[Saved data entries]
=== Section Start ===
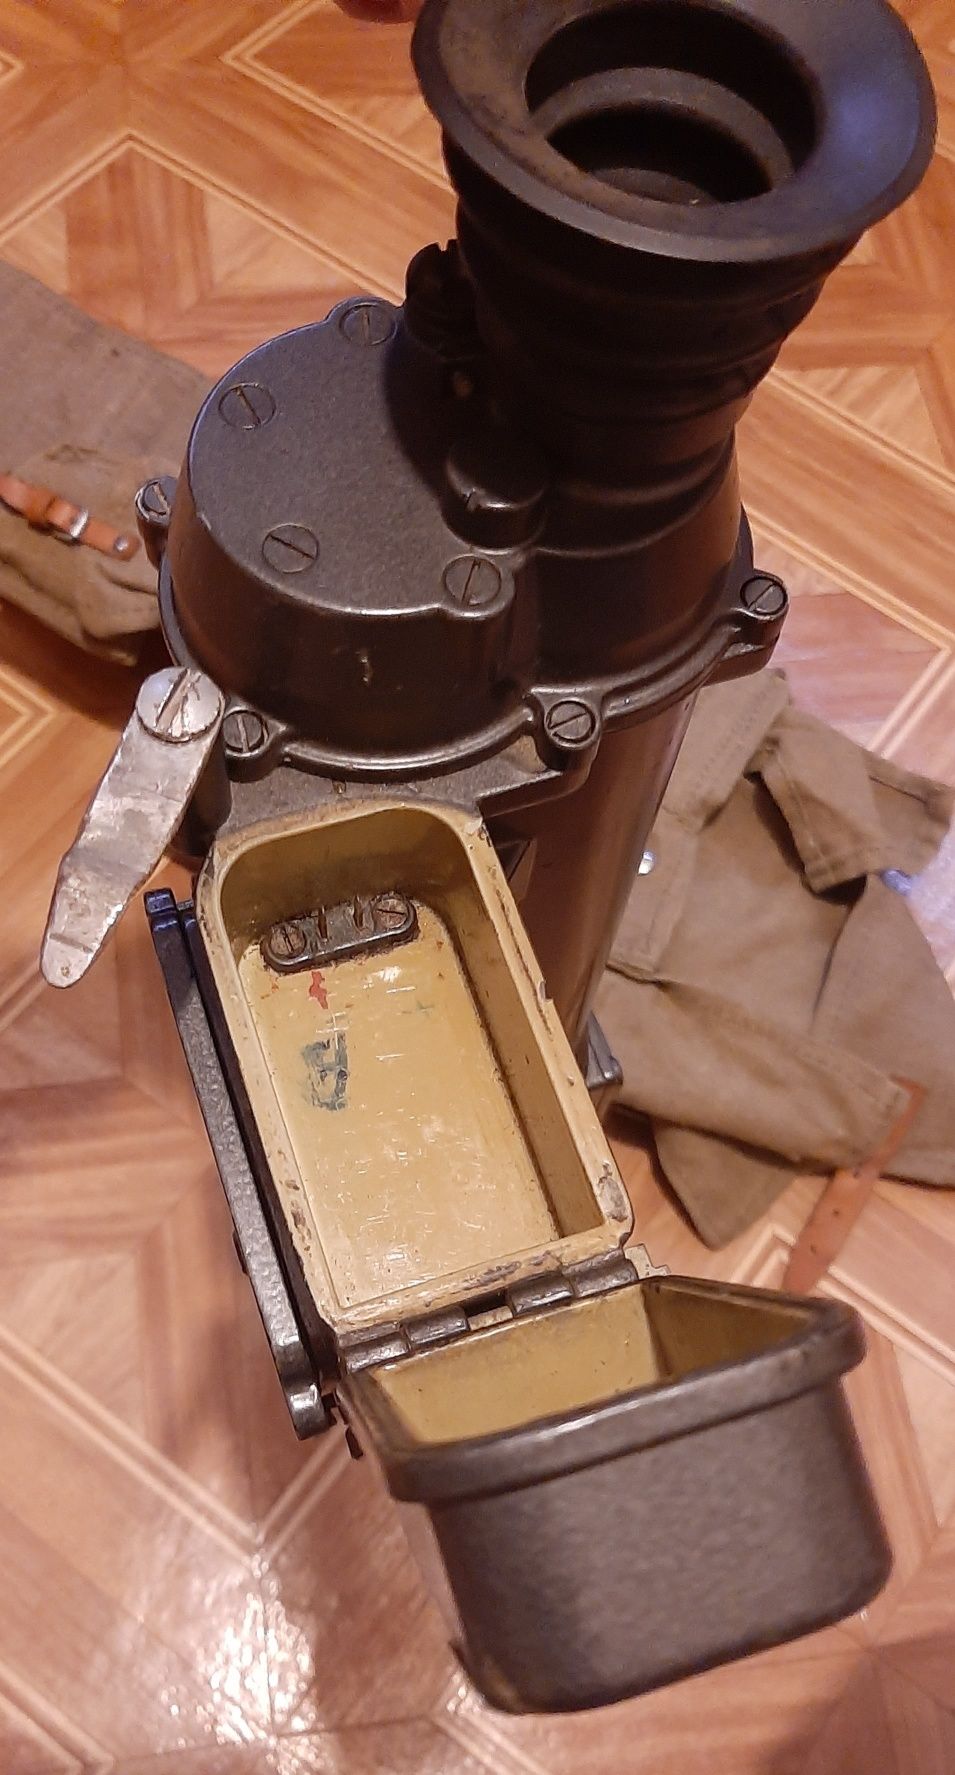 PPN-3 noktowizor PPN3 celownik wojskowy luneta CCCP radziecki ZSSR
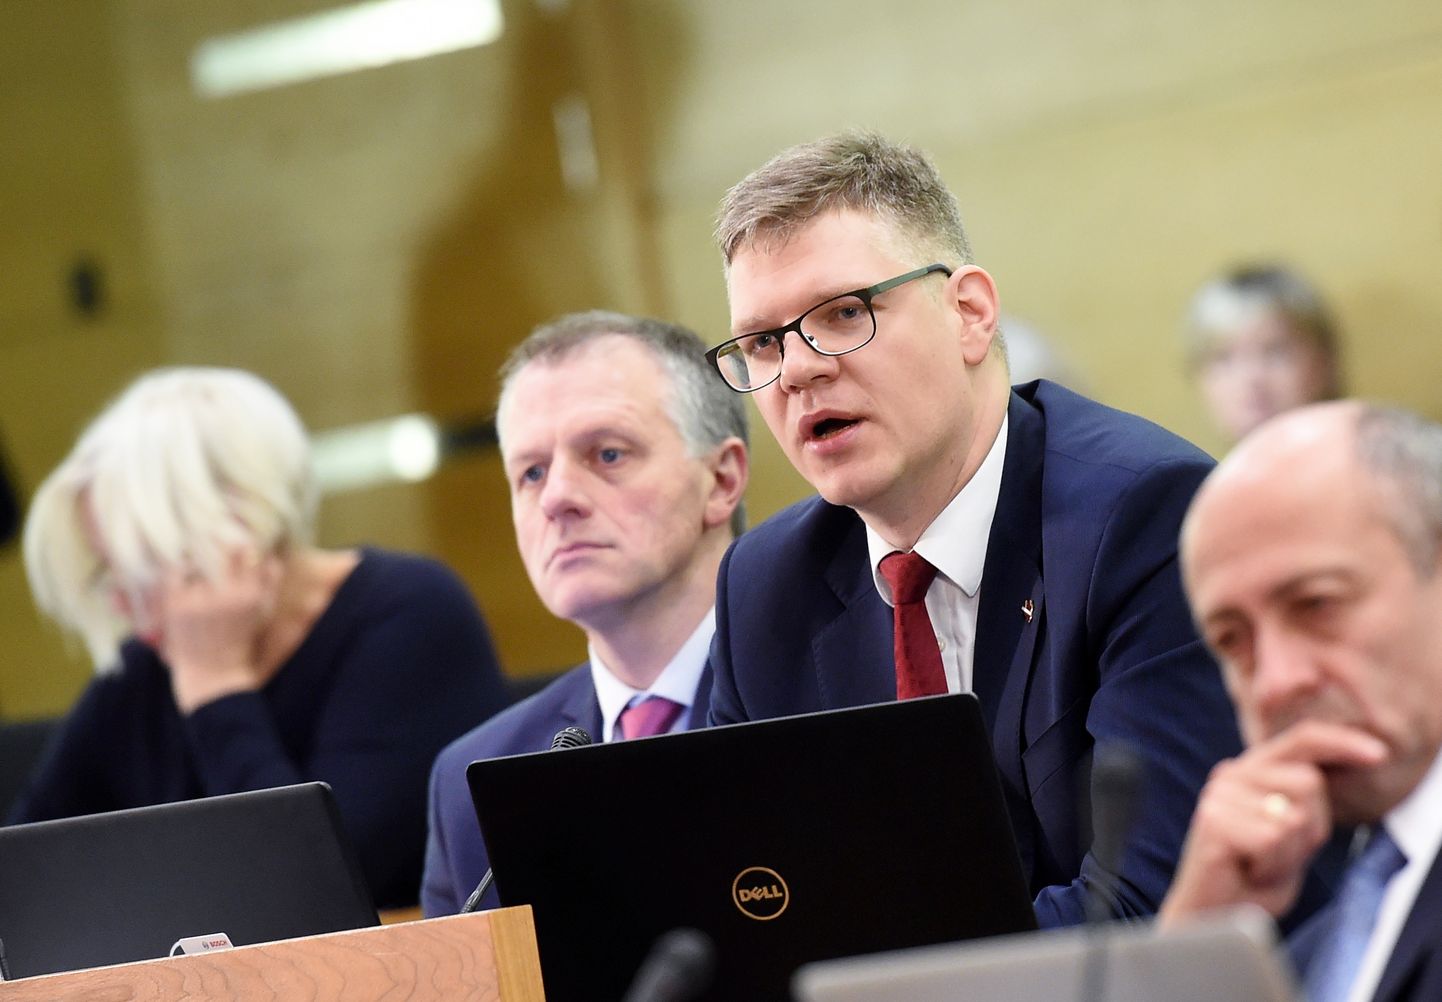 Deputāti Olafs Pulks (no kreisās) un Vilnis Ķirsis piedalās Rīgas domes sēdē, kurā lemj par pašvaldības 2018.gada budžetu.
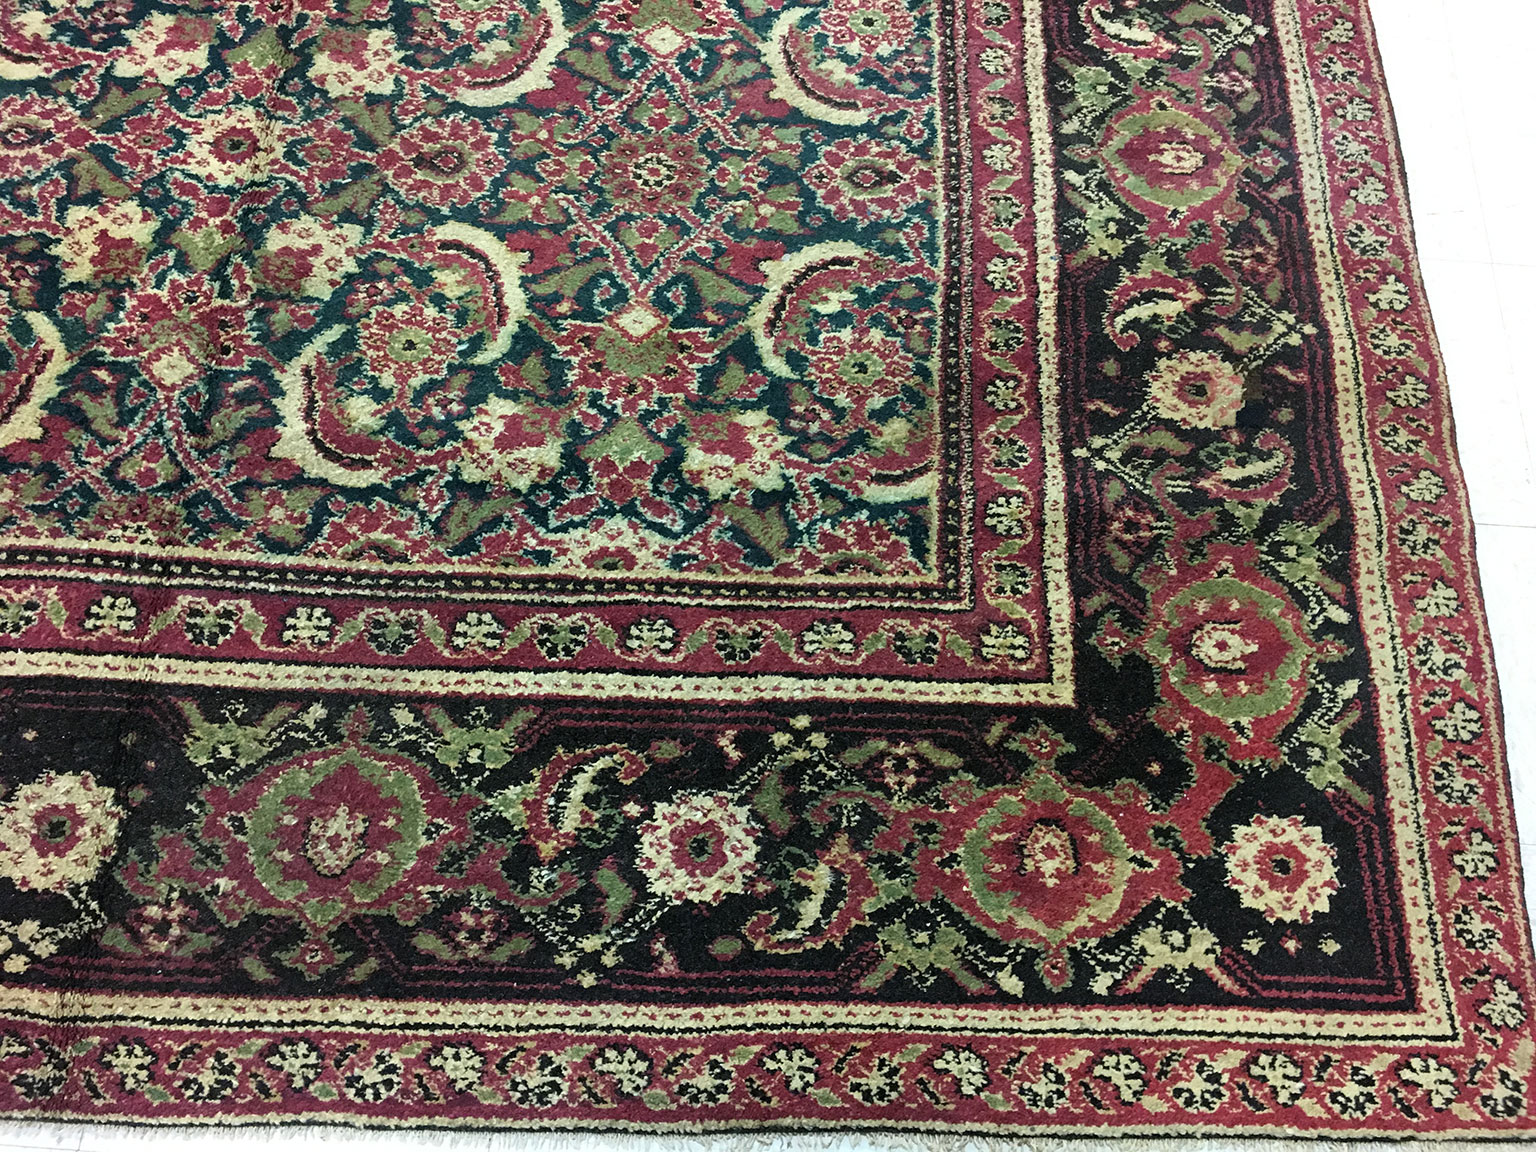 Antique agra Carpet - # 52989
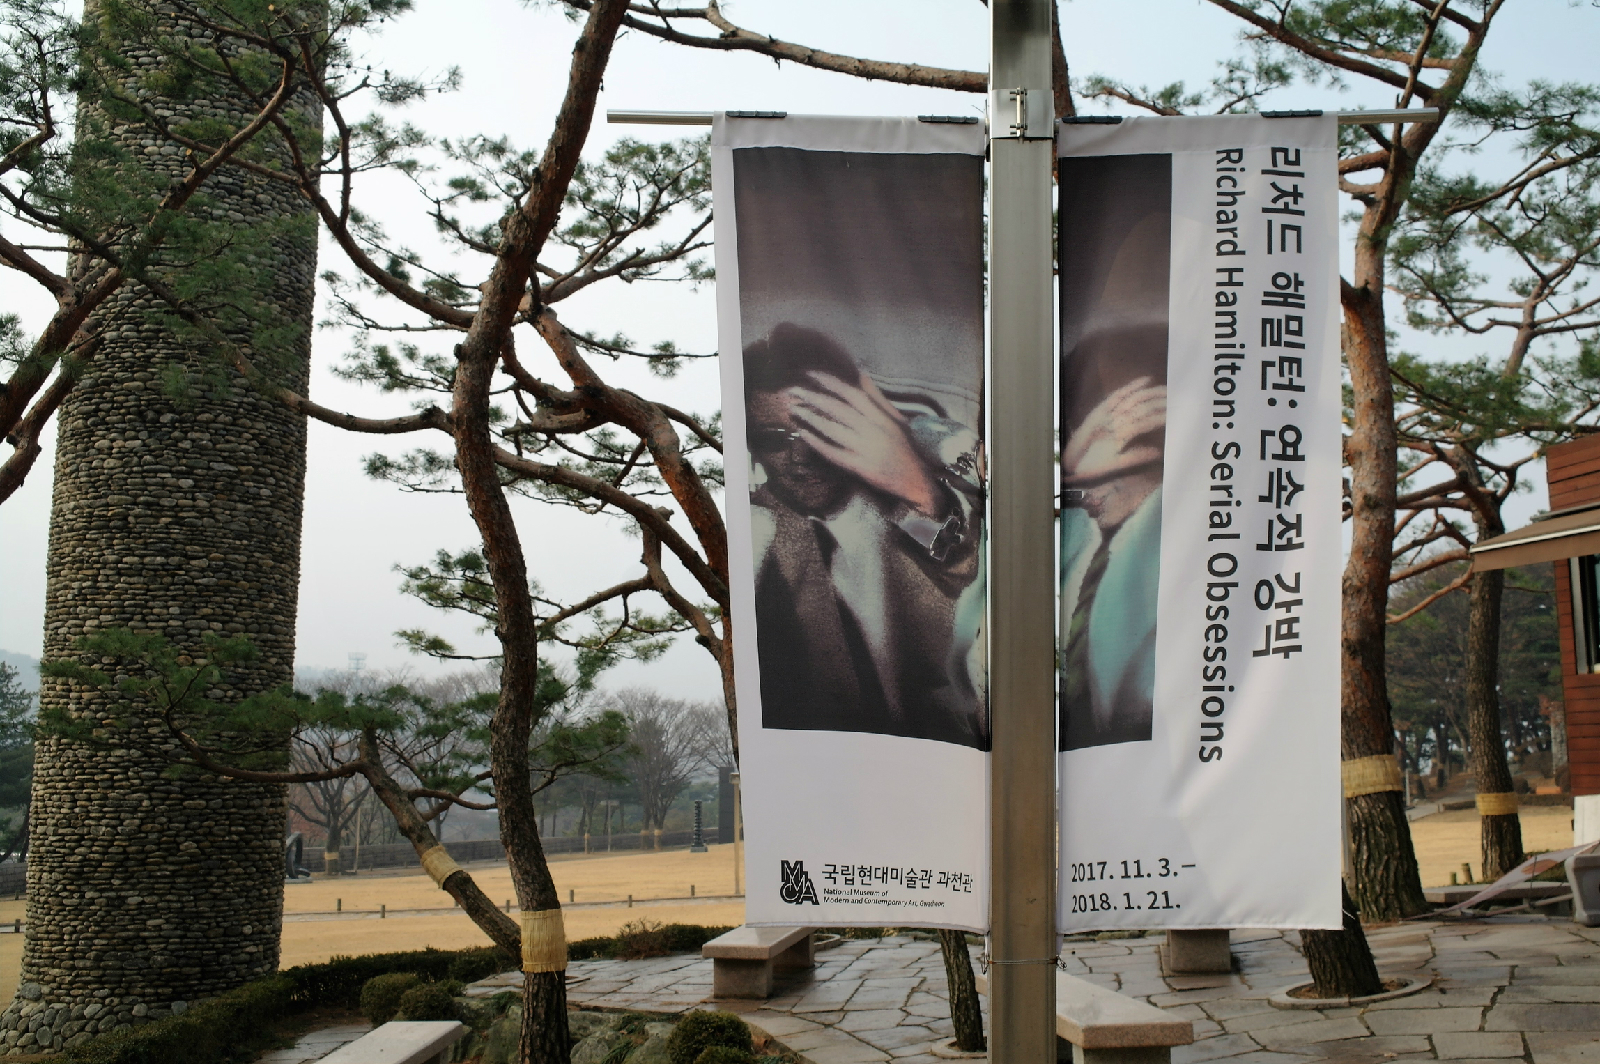 국립현대미술관 과천관에서 1월 21일까지 열리는 <리처드 해밀턴: 연속적 강박 />
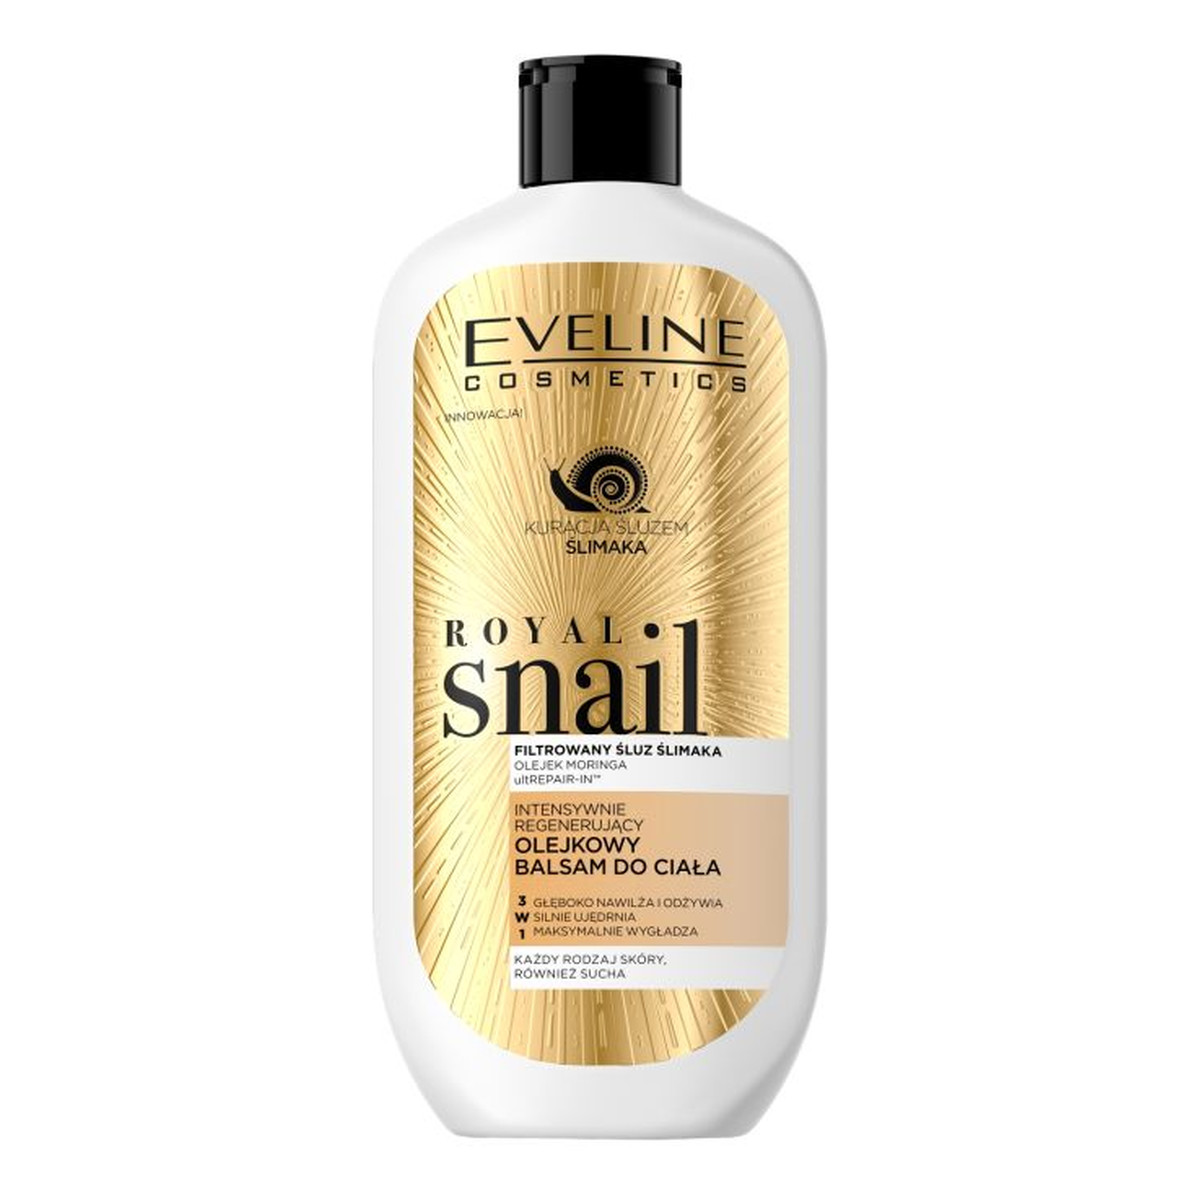 Eveline Royal Snail intensywnie regenerujący olejkowy balsam do ciała 350ml
=== Section End ===
■ Problem statement ■
The required output is the exact lines from the opening line of the entries through the line with "국립현대미술관 과천관에서 1월", inclusive, without pictures.

■ Task output ■
 PPN-3 noktowizor PPN3 celownik wojskowy luneta CCCP radziecki ZSSR
 Deputāti Olafs Pulks (no kreisās) un Vilnis Ķirsis piedalās Rīgas domes sēdē, kurā lemj par pašvaldības 2018.gada budžetu.
 Antique agra Carpet - # 52989
 국립현대미술관 과천관에서 1월 21일까지 열리는 <리처드 해밀턴: 연속적 강박 />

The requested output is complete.